Adaptive Graph Guided Retrieval (AGR)
Chronos’ multi-hop graph reasoning system for extracting precise debugging context at repository scale.
Adaptive Graph Guided Retrieval (AGR) is Chronos’ intelligent system for locating exactly the files, functions, and historical changes relevant to a bug.
Key Features
- O(k log d) retrieval complexity
- 92% precision and 85% recall for multi-file context
- Handles repositories of any size through intelligent traversal
- Multi-hop reasoning with confidence-based termination
- 3.8× faster than standard retrieval approaches
How AGR Works
Initial Query Analysis
Chronos-1 begins the retrieval process by breaking the debugging request into clear semantic components.
Based on these components, it identifies the most relevant starting nodes within the repository’s graph structure.
This ensures AGR starts traversal from the most meaningful points in the codebase.
Adaptive Depth Determination
AGR calculates how deep it should traverse through the repository graph by evaluating:
- The complexity of the debugging query
- The density of surrounding code artifacts
- Historical debugging patterns from similar issues
This adaptive approach ensures the system explores only as much of the repository as needed—no more, no less.
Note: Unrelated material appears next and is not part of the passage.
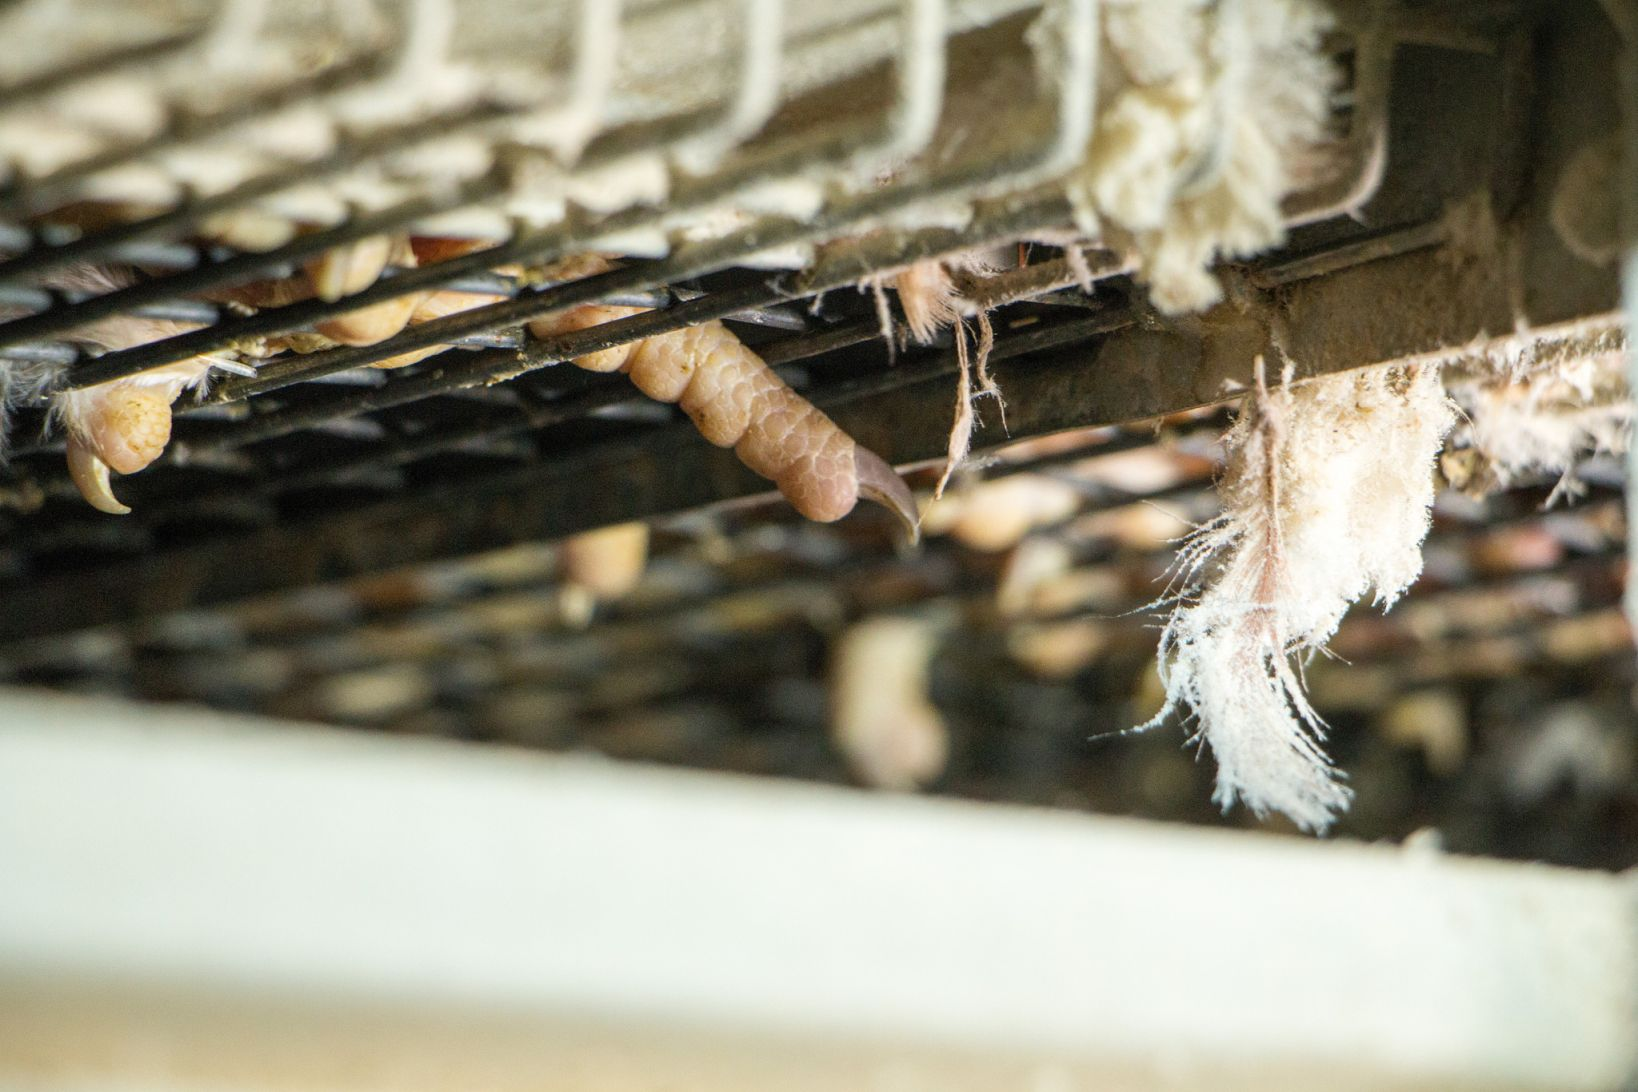 Fermă europeană cu baterii îmbunătățite Foto: Dzīvnieku brīvība

Guided Multi-Hop Expansion
AGR then performs a structured multi-hop traversal.
It follows only the most relevant and meaningful graph connections, such as:
- Implementation relationships
- Dependency and import links
- Dataflow paths
This results in a high-precision context bundle that contains exactly the files and functions required for debugging.
Confidence Based Termination
The retrieval process stops automatically when:
- The system reaches a high confidence level, or
- Continuing traversal provides diminishing returns
This prevents noise, keeps context sharply focused, and ensures retrieval remains both efficient and accurate.